··· Dataset excerpts

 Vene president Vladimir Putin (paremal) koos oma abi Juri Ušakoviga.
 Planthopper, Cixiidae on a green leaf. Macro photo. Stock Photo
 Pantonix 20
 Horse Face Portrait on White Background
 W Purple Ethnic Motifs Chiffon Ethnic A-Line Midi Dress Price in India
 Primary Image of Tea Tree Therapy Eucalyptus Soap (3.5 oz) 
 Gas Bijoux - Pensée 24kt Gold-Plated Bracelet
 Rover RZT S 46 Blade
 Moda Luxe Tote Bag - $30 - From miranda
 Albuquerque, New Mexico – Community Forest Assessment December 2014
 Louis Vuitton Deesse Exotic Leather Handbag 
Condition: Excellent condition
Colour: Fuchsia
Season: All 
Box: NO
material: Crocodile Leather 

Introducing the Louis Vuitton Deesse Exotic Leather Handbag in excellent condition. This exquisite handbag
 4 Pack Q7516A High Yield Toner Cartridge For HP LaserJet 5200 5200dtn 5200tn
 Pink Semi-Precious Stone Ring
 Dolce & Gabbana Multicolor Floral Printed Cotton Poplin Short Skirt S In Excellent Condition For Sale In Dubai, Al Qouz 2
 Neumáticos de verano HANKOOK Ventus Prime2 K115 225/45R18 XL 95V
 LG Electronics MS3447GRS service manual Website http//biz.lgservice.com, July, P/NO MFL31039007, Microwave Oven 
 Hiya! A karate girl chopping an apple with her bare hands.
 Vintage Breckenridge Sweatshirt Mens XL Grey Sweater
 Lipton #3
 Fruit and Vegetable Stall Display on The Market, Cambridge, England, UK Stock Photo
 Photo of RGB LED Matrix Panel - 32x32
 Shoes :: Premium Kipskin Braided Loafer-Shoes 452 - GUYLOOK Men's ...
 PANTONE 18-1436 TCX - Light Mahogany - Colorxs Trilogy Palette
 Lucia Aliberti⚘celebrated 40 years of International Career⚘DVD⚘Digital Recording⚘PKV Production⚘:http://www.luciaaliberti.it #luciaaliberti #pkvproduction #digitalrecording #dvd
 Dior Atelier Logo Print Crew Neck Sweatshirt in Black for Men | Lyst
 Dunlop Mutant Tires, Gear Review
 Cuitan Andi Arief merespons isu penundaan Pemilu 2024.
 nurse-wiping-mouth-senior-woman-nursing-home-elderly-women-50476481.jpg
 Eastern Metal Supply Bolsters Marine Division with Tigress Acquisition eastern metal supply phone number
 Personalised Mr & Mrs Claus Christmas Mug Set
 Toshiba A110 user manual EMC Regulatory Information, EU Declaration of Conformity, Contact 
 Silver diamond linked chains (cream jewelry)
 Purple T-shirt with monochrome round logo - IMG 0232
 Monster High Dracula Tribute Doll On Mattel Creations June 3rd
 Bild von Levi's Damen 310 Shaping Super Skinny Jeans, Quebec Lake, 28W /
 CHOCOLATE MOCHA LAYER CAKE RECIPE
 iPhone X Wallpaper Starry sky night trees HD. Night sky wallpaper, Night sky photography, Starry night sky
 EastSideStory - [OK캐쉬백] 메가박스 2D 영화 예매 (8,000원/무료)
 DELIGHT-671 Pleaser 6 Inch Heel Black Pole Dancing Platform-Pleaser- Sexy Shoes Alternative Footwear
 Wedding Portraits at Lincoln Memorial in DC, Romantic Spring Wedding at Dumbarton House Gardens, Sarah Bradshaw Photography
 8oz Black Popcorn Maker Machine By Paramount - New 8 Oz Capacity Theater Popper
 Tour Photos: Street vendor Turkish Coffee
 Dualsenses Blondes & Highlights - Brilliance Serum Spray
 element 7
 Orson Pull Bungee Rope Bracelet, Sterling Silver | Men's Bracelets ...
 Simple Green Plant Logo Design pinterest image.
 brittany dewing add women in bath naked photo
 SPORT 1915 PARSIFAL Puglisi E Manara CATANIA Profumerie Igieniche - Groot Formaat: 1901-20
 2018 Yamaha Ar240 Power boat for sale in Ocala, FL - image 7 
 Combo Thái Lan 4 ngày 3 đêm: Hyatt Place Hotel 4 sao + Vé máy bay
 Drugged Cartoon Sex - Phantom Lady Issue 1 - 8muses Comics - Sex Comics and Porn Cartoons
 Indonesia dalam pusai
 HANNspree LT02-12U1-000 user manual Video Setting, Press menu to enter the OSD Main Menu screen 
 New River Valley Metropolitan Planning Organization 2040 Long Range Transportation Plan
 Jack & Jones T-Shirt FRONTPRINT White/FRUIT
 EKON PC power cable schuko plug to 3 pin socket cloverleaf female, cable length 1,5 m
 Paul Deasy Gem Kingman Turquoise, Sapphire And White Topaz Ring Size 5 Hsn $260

······

## What the task asks
Working from the material above, retype exactly the lines from the one with "Moda Luxe Tote Bag - $30 - From miranda" through the one with "Cuitan Andi Arief", both included, and only those lines.

## Worked solution
 Moda Luxe Tote Bag - $30 - From miranda
 Albuquerque, New Mexico – Community Forest Assessment December 2014
 Louis Vuitton Deesse Exotic Leather Handbag 
Condition: Excellent condition
Colour: Fuchsia
Season: All 
Box: NO
material: Crocodile Leather 

Introducing the Louis Vuitton Deesse Exotic Leather Handbag in excellent condition. This exquisite handbag
 4 Pack Q7516A High Yield Toner Cartridge For HP LaserJet 5200 5200dtn 5200tn
 Pink Semi-Precious Stone Ring
 Dolce & Gabbana Multicolor Floral Printed Cotton Poplin Short Skirt S In Excellent Condition For Sale In Dubai, Al Qouz 2
 Neumáticos de verano HANKOOK Ventus Prime2 K115 225/45R18 XL 95V
 LG Electronics MS3447GRS service manual Website http//biz.lgservice.com, July, P/NO MFL31039007, Microwave Oven 
 Hiya! A karate girl chopping an apple with her bare hands.
 Vintage Breckenridge Sweatshirt Mens XL Grey Sweater
 Lipton #3
 Fruit and Vegetable Stall Display on The Market, Cambridge, England, UK Stock Photo
 Photo of RGB LED Matrix Panel - 32x32
 Shoes :: Premium Kipskin Braided Loafer-Shoes 452 - GUYLOOK Men's ...
 PANTONE 18-1436 TCX - Light Mahogany - Colorxs Trilogy Palette
 Lucia Aliberti⚘celebrated 40 years of International Career⚘DVD⚘Digital Recording⚘PKV Production⚘:http://www.luciaaliberti.it #luciaaliberti #pkvproduction #digitalrecording #dvd
 Dior Atelier Logo Print Crew Neck Sweatshirt in Black for Men | Lyst
 Dunlop Mutant Tires, Gear Review
 Cuitan Andi Arief merespons isu penundaan Pemilu 2024.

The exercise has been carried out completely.